Yana menghampiriku yang sedang bermain game sendirian. Tiba-tiba muka Yana berubah tidak sebahagia tadi.

” Kamu kenapa” ucapku menatap Yana

” Setiap sama aku kamu selalu sibuk dengan game, padahal aku nggak pernah larang kamu. Aku cuma butuh perhatian kamu aja, dulu awal pacaran kamu selalu perhatian. Tapi sekarang mana? Setiap aku aja bicara selalu di cuekin” ucap Yana dengan nada kecewa

” Maaf” ucapku singkat

” Sudah berapa kali kamu minta maaf, aku selalu maafkan. Terus kamu ulangi lagi. Sekarang aku tanya apa kamu…” sebelum Yana panjang lebar aku memotong obrolannya

” Aku sayang sama kamu, jangan berpikir yang nggak-nggak” ucapku sambil menatapnya

” Bisa nggak sih, kalau sama aku kamu jangan main hp melulu, aku ngerasa kamu lebih sibuk sama hp daripada ngobrol sama aku” ucapnya lagi

” Iya” ucapku singkat langsung menyakukan hpku

” Aku cuma butuh perhatianmu doang kok”

* * *

Setelah mengantar Yana pulang, aku langsung mengambil minum di dalam kulkasku. Sedangkan, ibu sedang membuatkan kopi buat ayah. Hari ini badan terasa capek, mungkin terlalu lama bermain game.

” Kamu dari mana Bagas? ” tanya ayah

” Dari taman kota, di ajak sama Yana. Terus aku antar pulang” ucapku

” Harusnya yang sering ajak keluar kamu bukan Yana” ucap ibu

” Benar tuh kata ibumu” saud ayah

” Yana itu anak yang baik jaga dia bahagiain, jangan bikin sakit hati nanti kalo pergi gimana” ucap ayah lagi

” Nyeselll” ucap ibu tertawa di ikuti ayah

” Doa ayah sama ibu sama aja” aku manyun

” Kamu itu selalu cuek sama Yana, lebih milih main game daripada bicara” ucap ibu

” Ibu kok tau” aku bingung

” Setiap mau pulang kan pamit, terus ibu tanya kenapa cuma sebentar jawabannya selalu sama” ucap ibu

” Sama apa bu” tanyaku

” Selalu main game” saud ayah

” Kan lagi seru bu” ucapku

* * *

Aku meninggalkan ibu dan ayah yang sedang berbicara. Lebih baik aku melanjutkan game di kamar aja biar seru, lagian besokkan hari minggu jadi libur deh. Hingga larut malam aku bermain game.

Suara ayam berkokok

Aku langsung terbangun, mataku masih mengantuk. Jadi aku semalam tertidur, suara panggilan ibu terdengar dari balik pintu kamarku.

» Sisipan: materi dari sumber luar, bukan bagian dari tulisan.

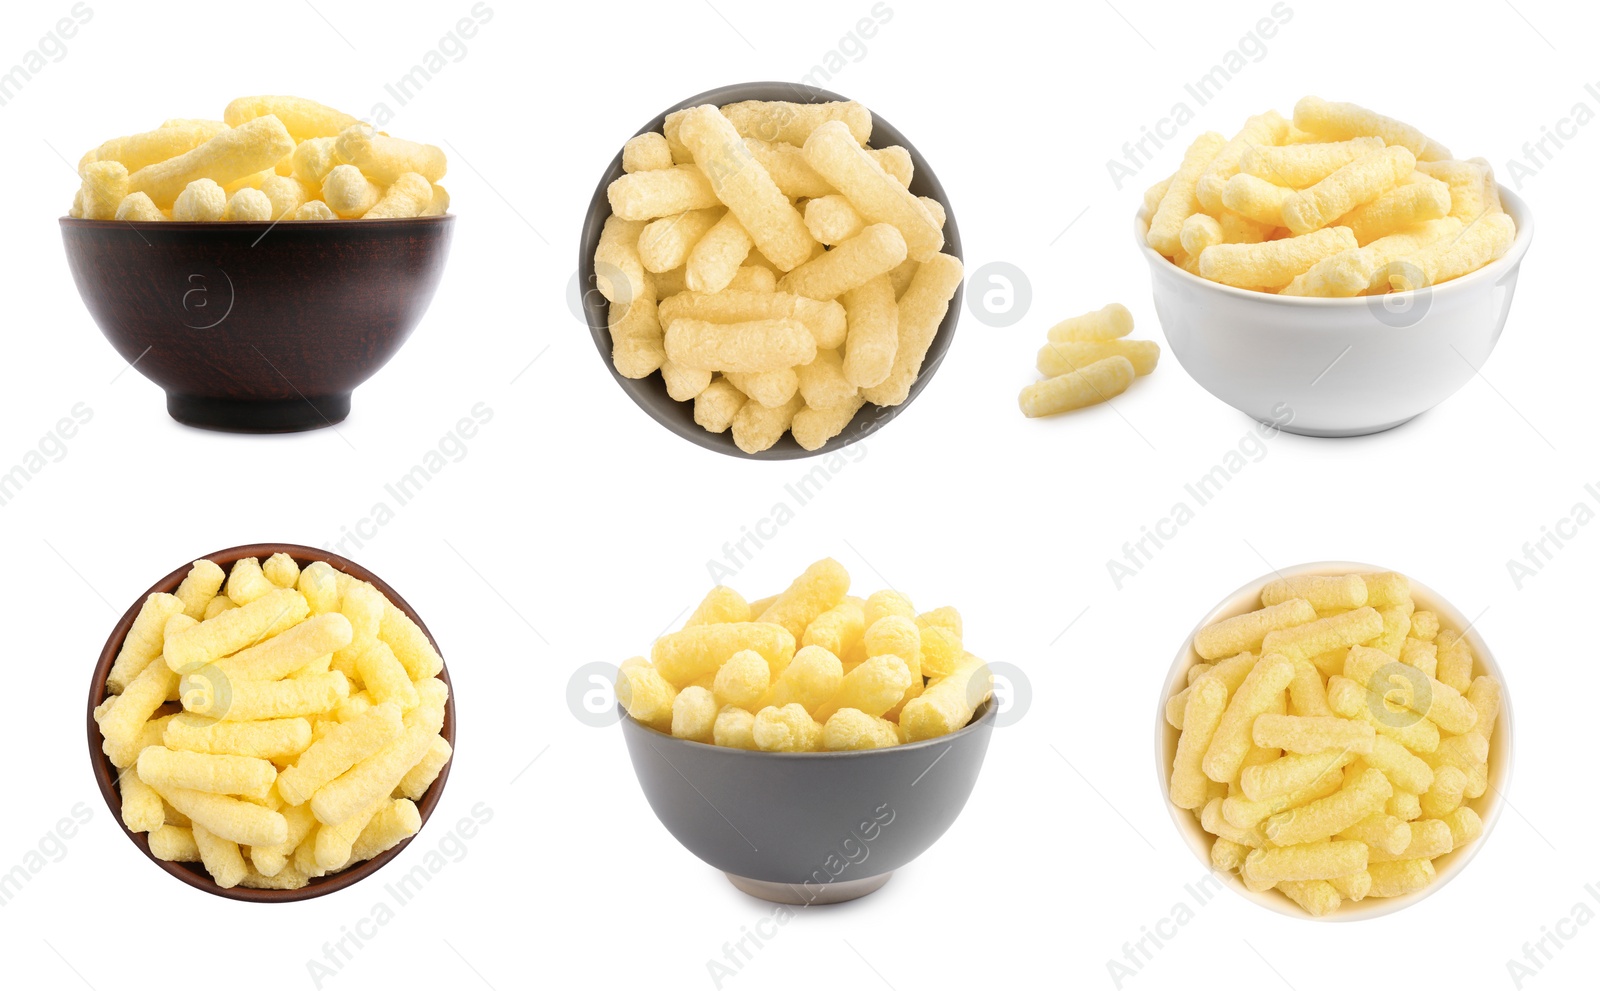 Image of Bowls with tasty corn sticks on white background, top and side views. Collage design

” Masih belum bangun juga” menarik selimutku

” Ayam siapa sih bu rame banget” tanyaku dengan mata yang masih terpejam

” Ayam tetangga sebelah, kemarin baru beli” ucap ibu

” Pak.rt itu bandel juga, ayamnya aja udah aku buat sate sekarang beli lagi. Enaknya dimasak apa ya?” Ucapku

” Eh kamu nih ya, cepat bangun, makanan udah ibu siapin”

Ibu meninggalkan kamarku

Aku langsung beranjak menuju kamar mandi, setelah itu makan bersama orang tuaku.

Seperti biasanya aku selalu bermain game setiap saat di mana pun berada, agar tidak bosan. Lebih tepatnya memanfaatkan waktu luang.

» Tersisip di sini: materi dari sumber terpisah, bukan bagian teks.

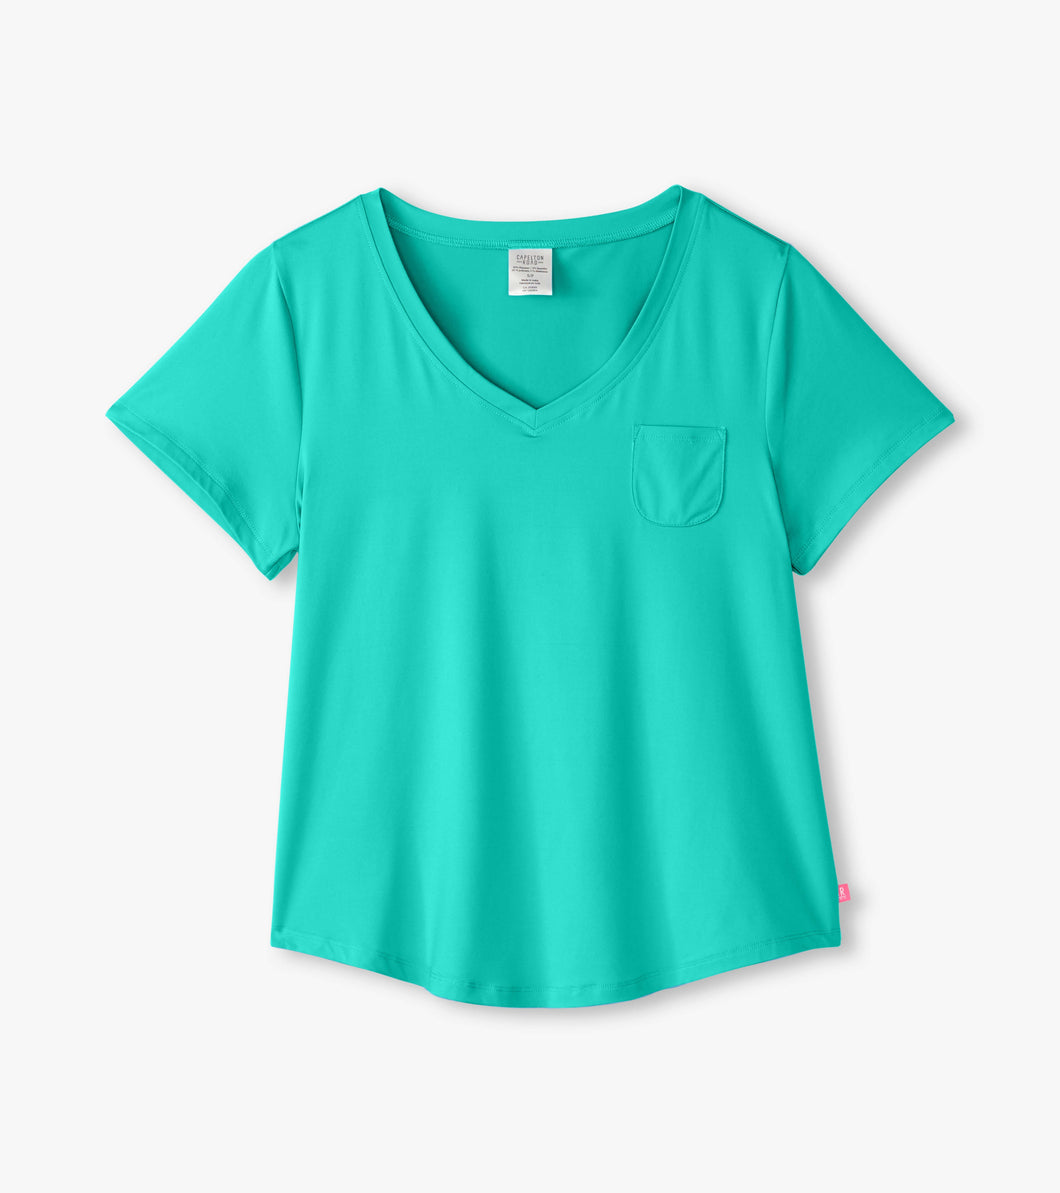 V-Neck Tee In A Bag - Seagreen

Selama di dalam rumah, aku tidak menyangka bahwa jam sudah menunjukkan pukul 3 sore. Aku segera mandi dan menjemput ibu, di tempat arisannya. Ibu sangat senang dengan arisan, katanya bisa bikin badan rileks dan menghilangkan stres. Itu arisan apa olahraga sih, aku pun tidak mengerti soal itu.

Suara panggilan dari hpku berbunyi berkali-kali. Aku tidak mengangkat panggilan itu, apalagi sekarang mengendarai kendaraan.

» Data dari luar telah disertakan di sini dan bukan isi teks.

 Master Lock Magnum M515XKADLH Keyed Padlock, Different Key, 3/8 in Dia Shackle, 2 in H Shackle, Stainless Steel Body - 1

” Kamu angkat dulu, mungkin itu penting” ucap ibu

” Biarinlah bu, mungkin dari Yana” ucap ibu

Di perjalanan pulang aku melihat Yana yang sedang mendorong sepeda meticnya, saat aku mau turun ternyata ada seorang cowok yang menggantikannya mendorong. Aku mulai ingat kalau cowok itu, penyanyi jalanan di taman kota.

Setauku Yana tidak mengenalinya, namun dugaanku salah. Yana begitu bahagia bercanda sambil mendorong motornya. Begitu juga dengan cowok itu, yang melontarkan beberapa kalimat dari mulutnya. Tapi Yana begitu bahagia, aku tidak rela melihat Yana bersama cowok itu.

” Sekarang kamu sudah sadarkan, sekarang Yana sudah bahagia sama yang lain” ucap ibu

” Ibu benar, aku menyesal telah menyiakan Yana” aku kecewa

” Harusnya kamu sayangin dia, sekarang kalau sudah pergi kamu nggak bisa apa-apa lagi. Pesen ibu cintai orang yang mau menerima kamu, menemani kamu, selalu ada buat kamu” pesan ibu

Aku sangat menyesal, dulu Yana selalu aku sia-siakan. Sekarang telah pergi meninggalkanku. Aku sangat terluka, harusnya aku pertahankan bukan aku lepaskan. Tapi itu sudah terlambat, kisah cintaku dan Yana telah berakhir.